Menurut Gulat, anjloknya harga TBS tidak sejalan dengan tren harga minyak sawit mentah (CPO) global yang justru sedang menguat.
“Harga CPO dunia saat ini sedang bagus. Jika dikonversi, seharusnya harga domestik bisa sekitar Rp15.800 per kilogram, namun kenyataannya hanya berada di kisaran Rp11 ribu. Ini tidak rasional,” ujarnya.
Ia menilai, penurunan harga dipicu oleh bottleneck informasi dan meningkatnya spekulasi pasar pascapengumuman kebijakan DSI. Minimnya kejelasan mekanisme membuat pelaku usaha menahan pembelian dan menekan harga di tingkat petani.
“Beberapa jam setelah pengumuman Presiden pada 20 Mei, harga langsung turun Rp400, lalu turun lagi hingga Rp1.500 dalam beberapa hari. Padahal ekspor tetap berjalan dan implementasi penuh baru akan dimulai pada Januari 2027,” jelasnya.
Meski demikian, Apkasindo menegaskan dukungan terhadap pembentukan DSI sebagai langkah strategis untuk memperkuat posisi Indonesia di pasar sawit global.
“Petani mendukung DSI, tetapi penjelasan harus cepat dan jelas. Jangan sampai petani menjadi korban ketidakpastian kebijakan,” tegas Gulat.
Ia menilai DSI berpotensi menjadi instrumen penting dalam memperbaiki tata kelola sawit nasional sekaligus memperkuat posisi tawar Indonesia di pasar global.
“Selama ini kita menjual sawit secara terpisah tanpa kendali harga. Jika DSI berjalan optimal, Indonesia bisa memiliki kendali yang lebih kuat,” katanya.
Apkasindo juga mengapresiasi langkah cepat Wakil Menteri Pertanian Sudaryono yang mengumpulkan asosiasi petani, pelaku usaha, serta Satgas Pangan Polri untuk meredam gejolak harga.
“Setelah pertemuan ini, situasi semakin jelas.

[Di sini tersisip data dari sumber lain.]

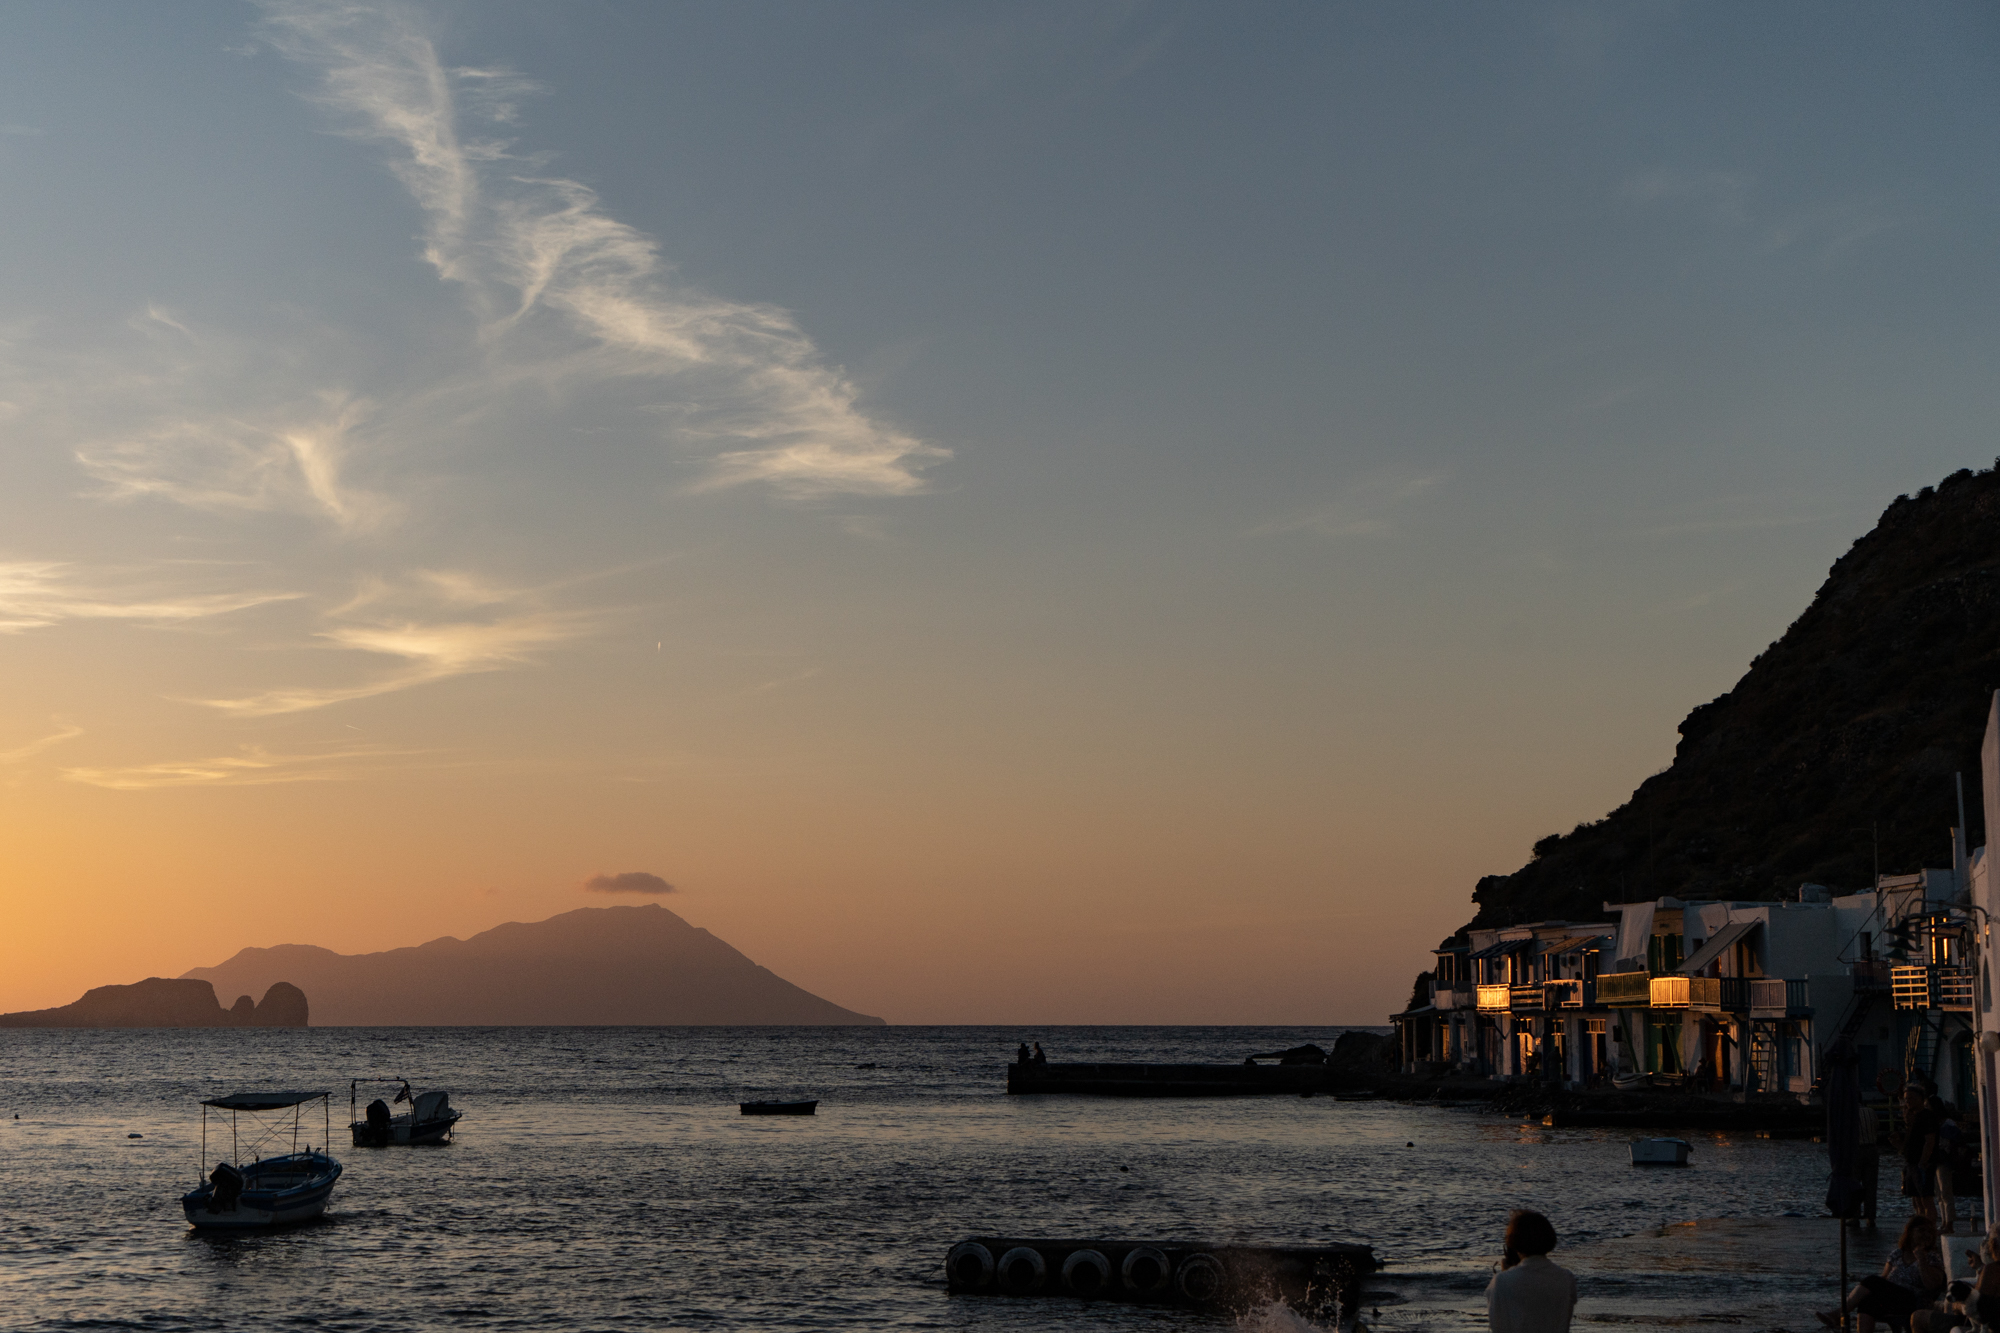 希腊米洛斯的克里马渔村,日落在海面上,地平线上有一座山的轮廓

Jika masih ada pihak yang menekan harga, patut dipertanyakan komitmennya terhadap kebijakan pemerintah,” ujarnya.
Ia turut mendukung pengawasan terhadap pabrik kelapa sawit (PKS) yang membeli TBS di bawah harga wajar.
“Dengan kondisi harga global yang baik dan ekspor yang tetap berjalan, tidak ada alasan untuk menekan harga petani,” pungkasnya.
Sebelumnya, Wakil Menteri Pertanian Sudaryono menyatakan pemerintah telah menyepakati sejumlah poin penting bersama para pemangku kepentingan, antara lain penegasan bahwa PT DSI berperan sebagai pengelola tanpa mengambil keuntungan dari transaksi ekspor, serta memastikan aktivitas ekspor tetap berjalan normal selama masa transisi.
Pemerintah juga berharap pelaku usaha segera menyesuaikan harga pembelian TBS sesuai dengan harga acuan CPO di masing-masing wilayah.
“Kami berharap setelah penjelasan ini, kekhawatiran pelaku usaha mereda dan harga TBS kembali normal,” ujar Sudaryono.